SUPPLIED INFORMATION:

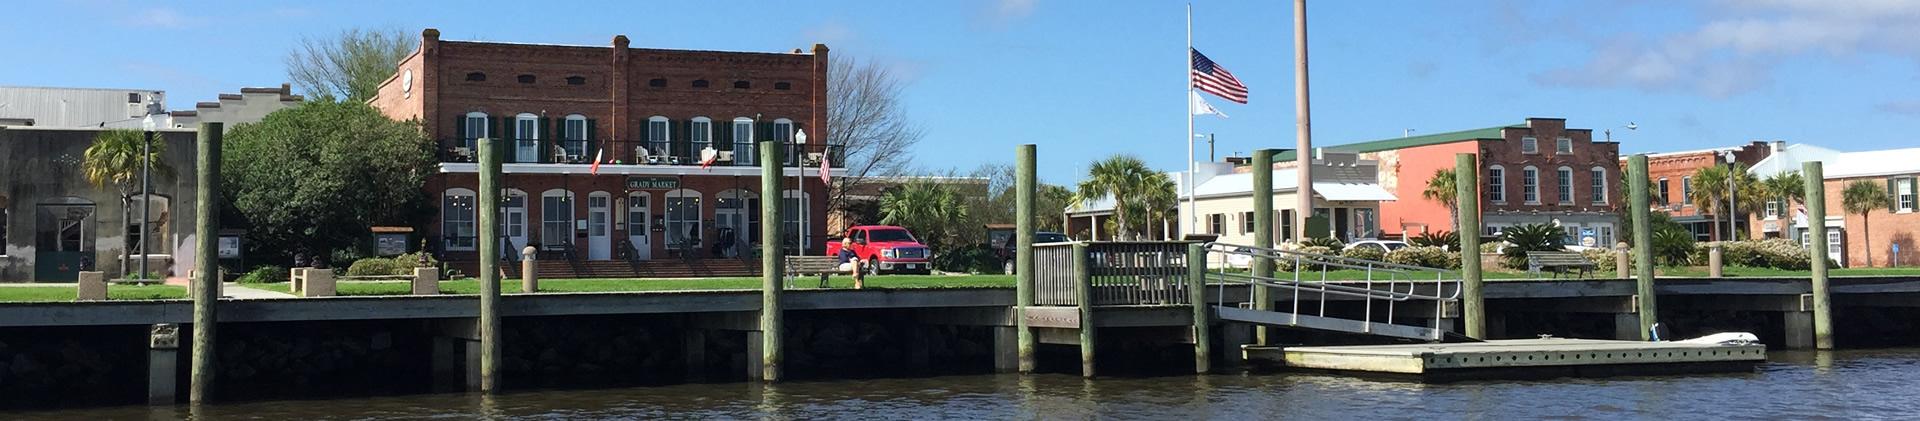 riverfrontfromwater
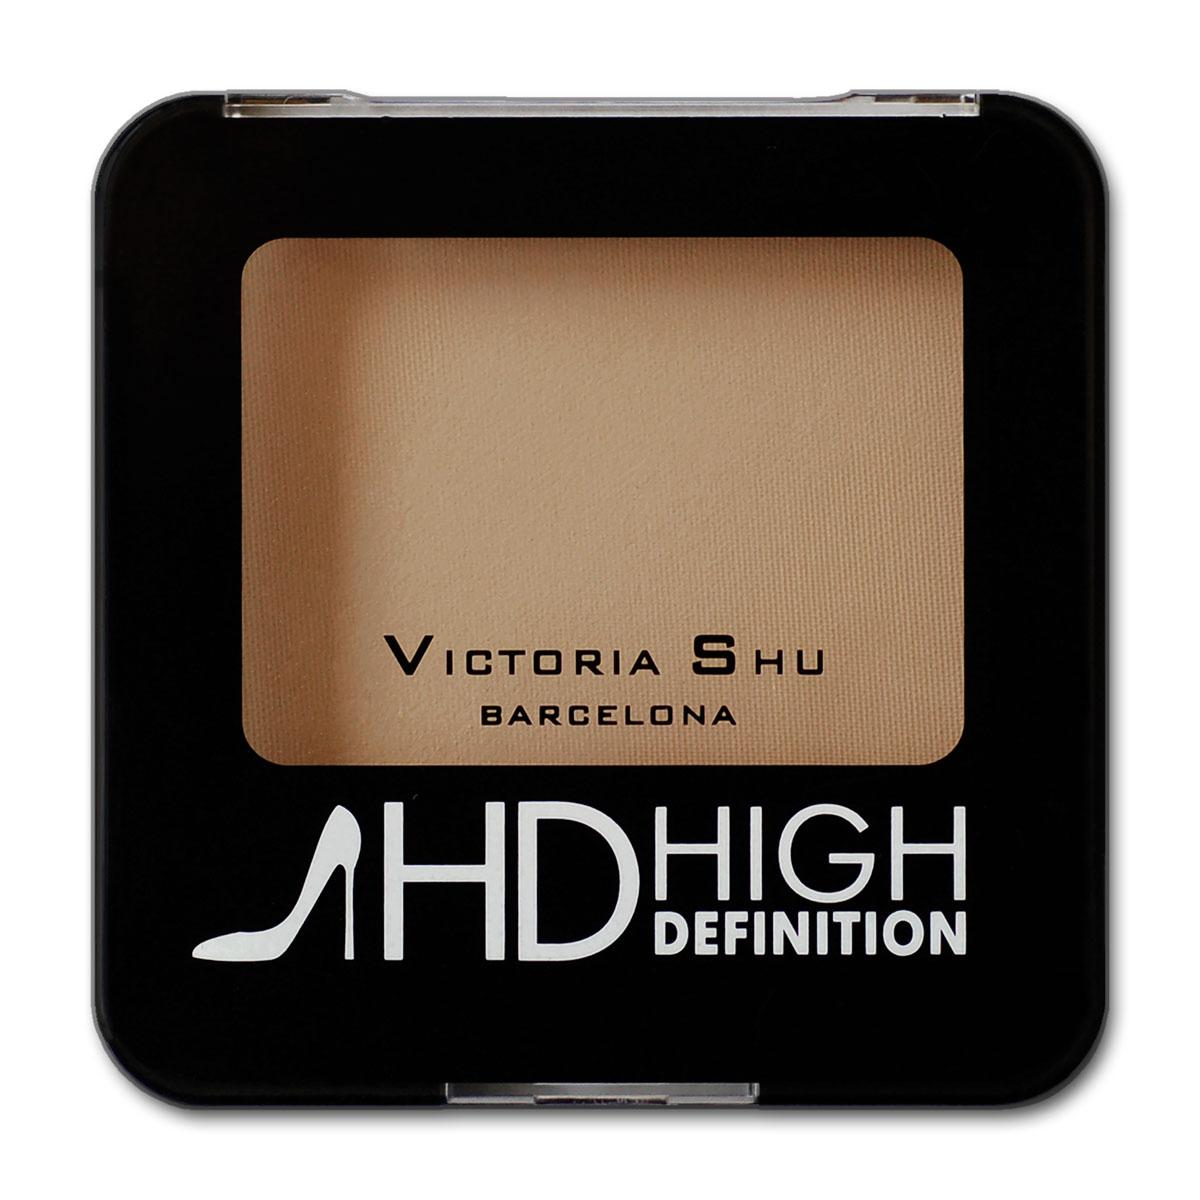 Victoria Shu Пудра компактная High Definition №315983V15573Минеральная формула в составе пудры равномерно распределяется на коже и создает мягкий soft-focus effect, скрывая мелкие морщинки и неровности. Дополнительные компоненты: витамин Е и масло ростков пшеницы обеспечивают коже эффект изнутри: Витамин Е – антиоксидант, препятствует преждевременному старению кожи, улучшая регенерацию клеток кожи. Масло ростков пшеницы - способствуют улучшению клеточного дыхания, восстановлению и питанию кожи. После нанесения пудра сливается с естественным тоном кожи и сохраняет свою мягкость, делает морщинки и недостатки на лице менее заметными.
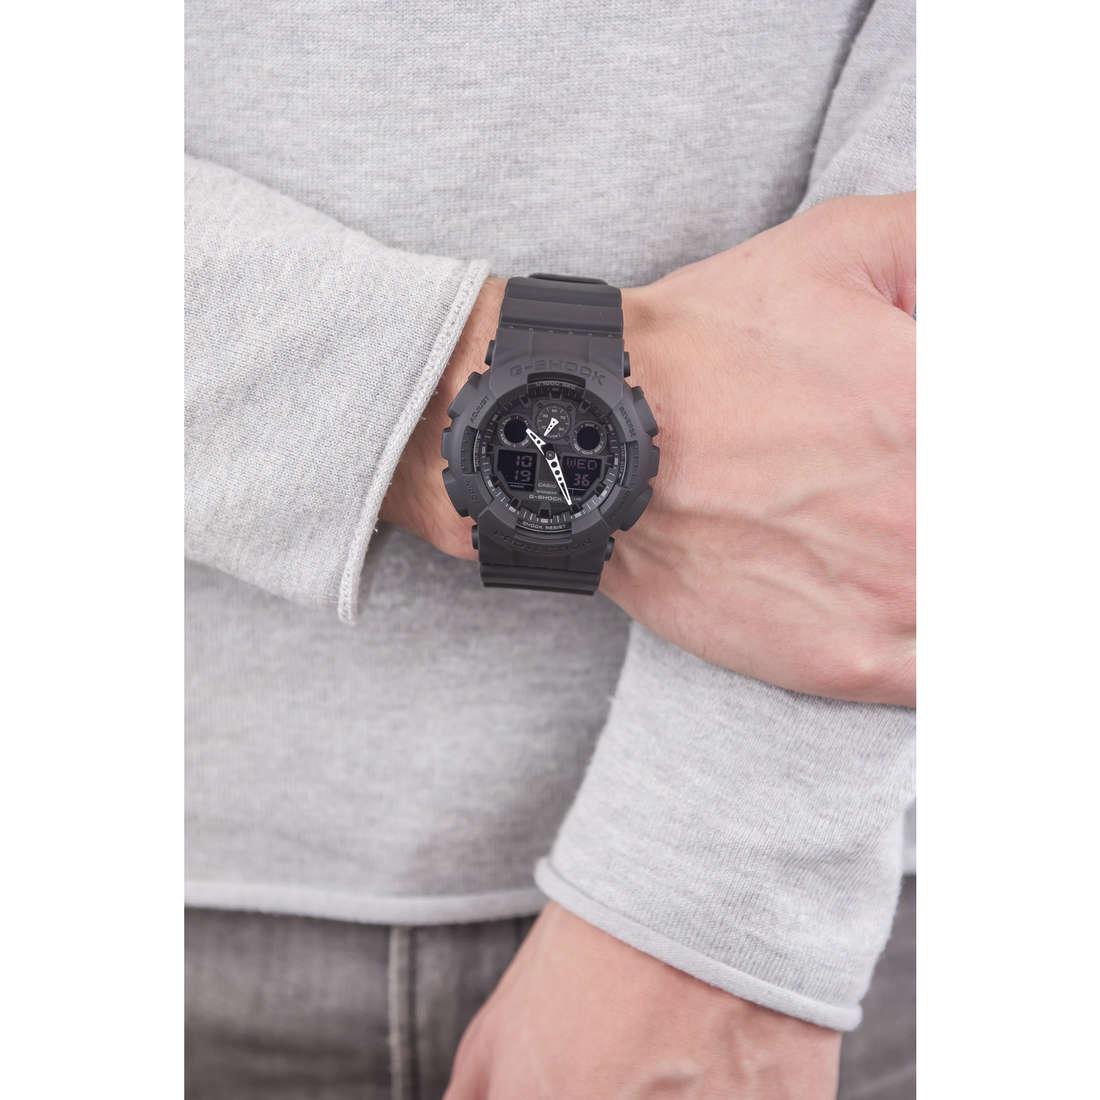 Casio numériques G-Shock homme GA-100-1A1ER photo wearing
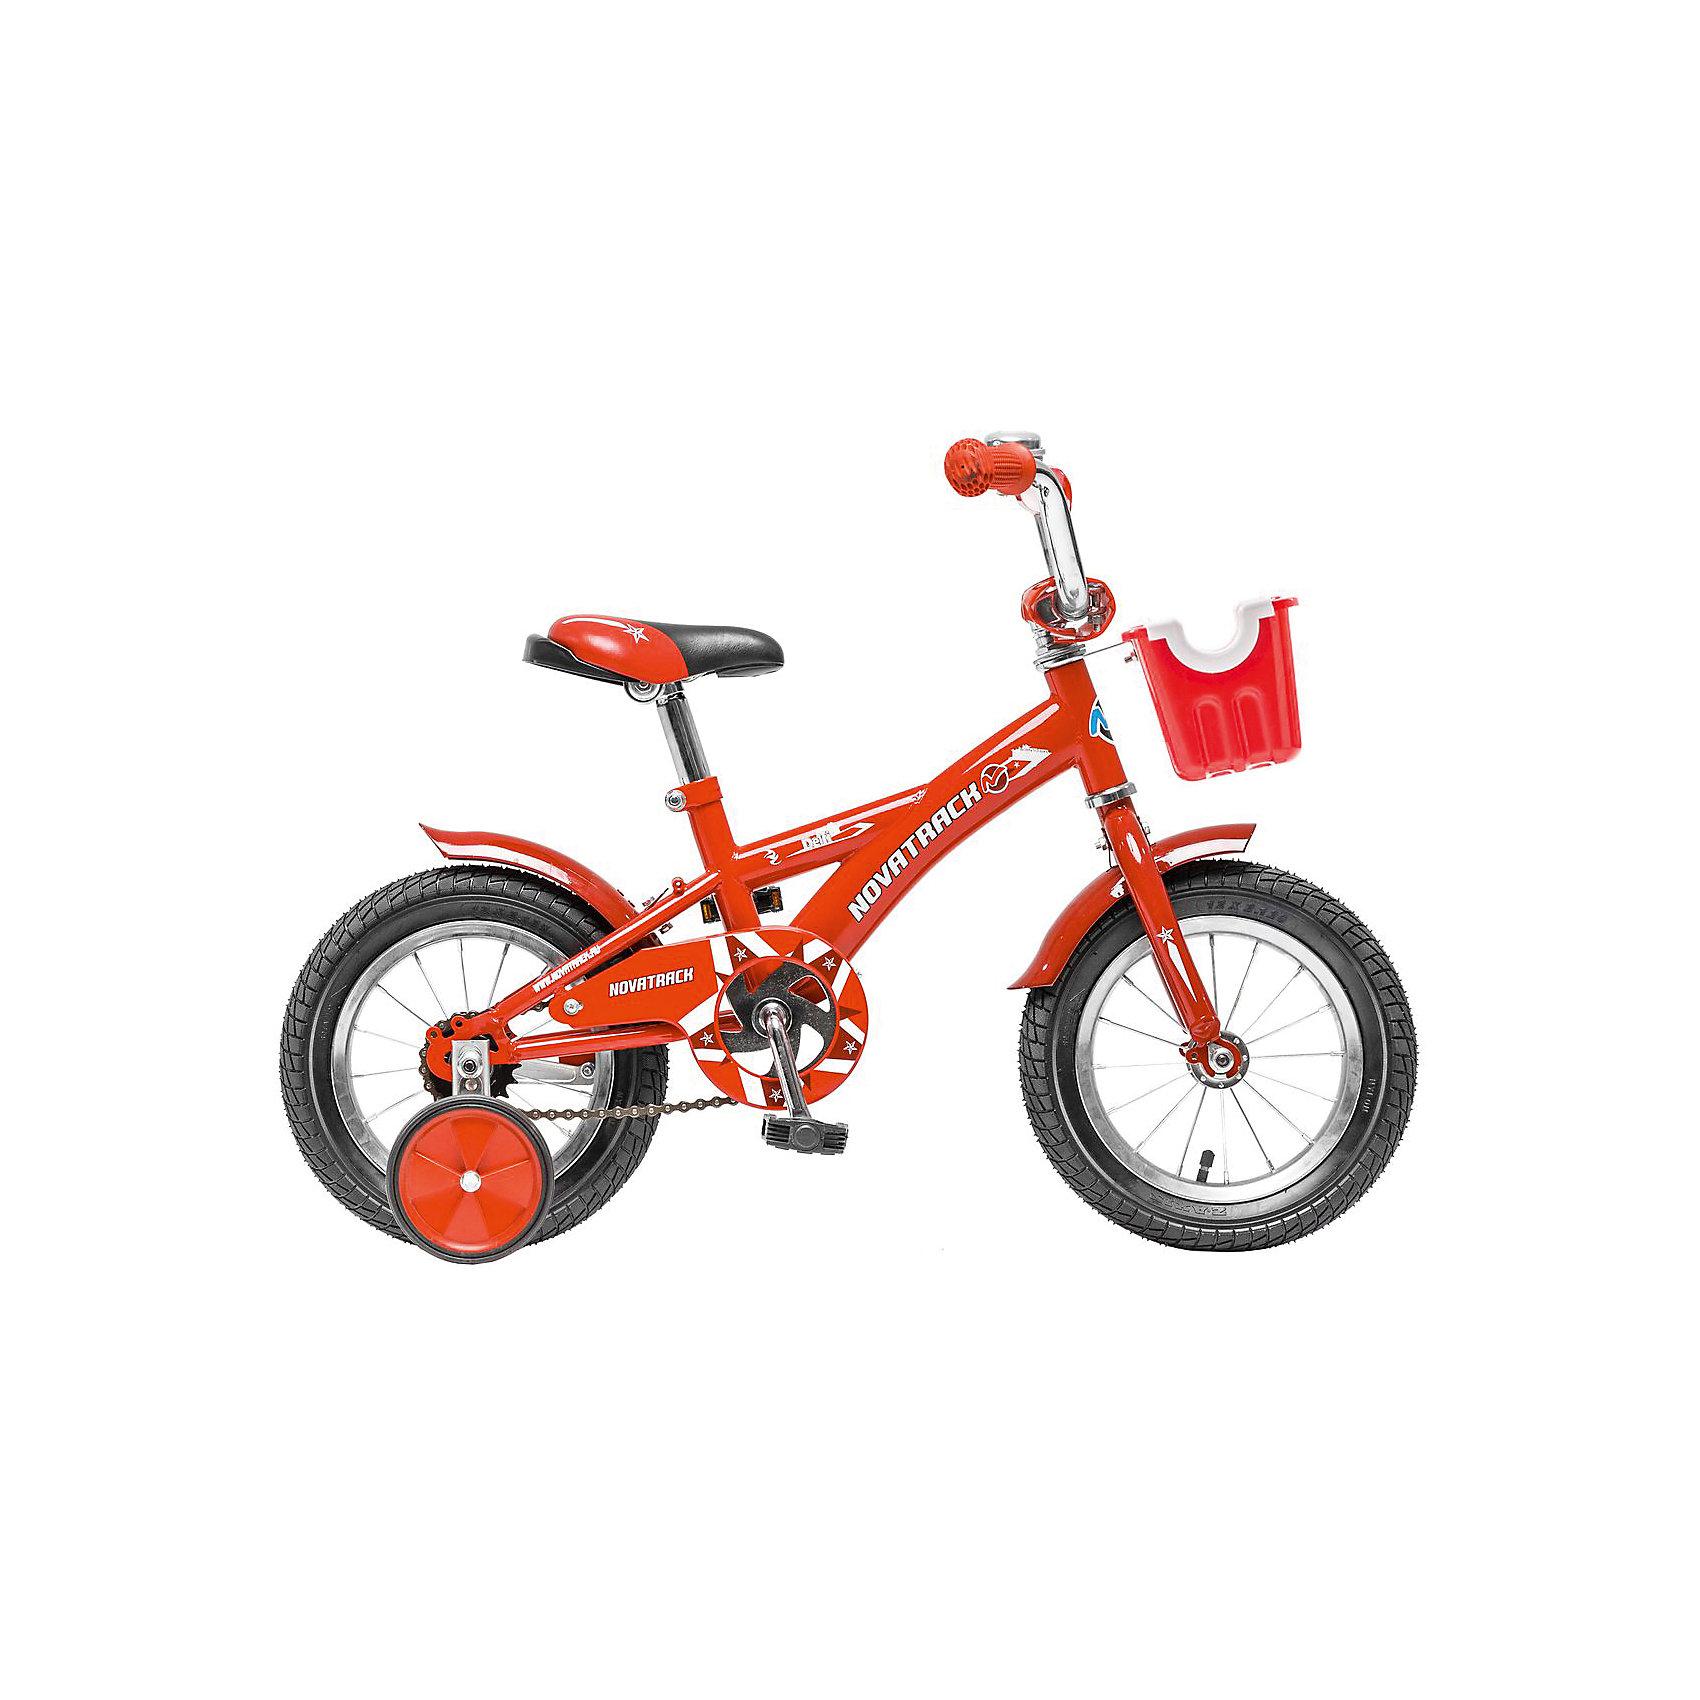 Велосипед Delfi, красно-бордовый, 12 дюймов, NovatrackВелосипеды детские<br>Велосипед Novatrack Delfi c 12-дюймовыми колесами – это надежный велосипед для ребят от 2 до 4 лет. Привлекательный дизайн, надежная сборка, легкость и отличная управляемость – это еще не все плюсы данной модели. Велосипед Delfi снабжен ограничителем поворота руля, который не позволит ребенку слишком сильно вывернуть переднее колесо велосипеда, и тем самым предотвратит падения. Цепь закрыта декоративной накладкой, которая защитит одежду и ноги ребенка от попадания в механизм. Данная модель специально разработана для легкого обучения езде на велосипеде. Низкая рама позволит ребенку быстро взбираться и слезать с велосипеда. Колеса закрыты крыльями, которые защитят ребенка от брызг, а на руле располагается вместительная корзинка для перевозки самых необходимых в дороге предметов.<br><br>Велосипед Delfi, красно-бордовый, 12 дюймов, Novatrack можно купить в нашем интернет-магазине.<br><br>Ширина мм: 810<br>Глубина мм: 185<br>Высота мм: 410<br>Вес г: 9500<br>Возраст от месяцев: 36<br>Возраст до месяцев: 60<br>Пол: Унисекс<br>Возраст: Детский<br>SKU: 5613199

PROBLEM REQUIREMENTS: All of the material above should be output exactly, with the pictures left behind.

OUTPUT FOR THIS EXERCISE:
 riverfrontfromwater
 Victoria Shu Пудра компактная High Definition №315983V15573Минеральная формула в составе пудры равномерно распределяется на коже и создает мягкий soft-focus effect, скрывая мелкие морщинки и неровности. Дополнительные компоненты: витамин Е и масло ростков пшеницы обеспечивают коже эффект изнутри: Витамин Е – антиоксидант, препятствует преждевременному старению кожи, улучшая регенерацию клеток кожи. Масло ростков пшеницы - способствуют улучшению клеточного дыхания, восстановлению и питанию кожи. После нанесения пудра сливается с естественным тоном кожи и сохраняет свою мягкость, делает морщинки и недостатки на лице менее заметными.
 Casio numériques G-Shock homme GA-100-1A1ER photo wearing
 Велосипед Delfi, красно-бордовый, 12 дюймов, NovatrackВелосипеды детские<br>Велосипед Novatrack Delfi c 12-дюймовыми колесами – это надежный велосипед для ребят от 2 до 4 лет. Привлекательный дизайн, надежная сборка, легкость и отличная управляемость – это еще не все плюсы данной модели. Велосипед Delfi снабжен ограничителем поворота руля, который не позволит ребенку слишком сильно вывернуть переднее колесо велосипеда, и тем самым предотвратит падения. Цепь закрыта декоративной накладкой, которая защитит одежду и ноги ребенка от попадания в механизм. Данная модель специально разработана для легкого обучения езде на велосипеде. Низкая рама позволит ребенку быстро взбираться и слезать с велосипеда. Колеса закрыты крыльями, которые защитят ребенка от брызг, а на руле располагается вместительная корзинка для перевозки самых необходимых в дороге предметов.<br><br>Велосипед Delfi, красно-бордовый, 12 дюймов, Novatrack можно купить в нашем интернет-магазине.<br><br>Ширина мм: 810<br>Глубина мм: 185<br>Высота мм: 410<br>Вес г: 9500<br>Возраст от месяцев: 36<br>Возраст до месяцев: 60<br>Пол: Унисекс<br>Возраст: Детский<br>SKU: 5613199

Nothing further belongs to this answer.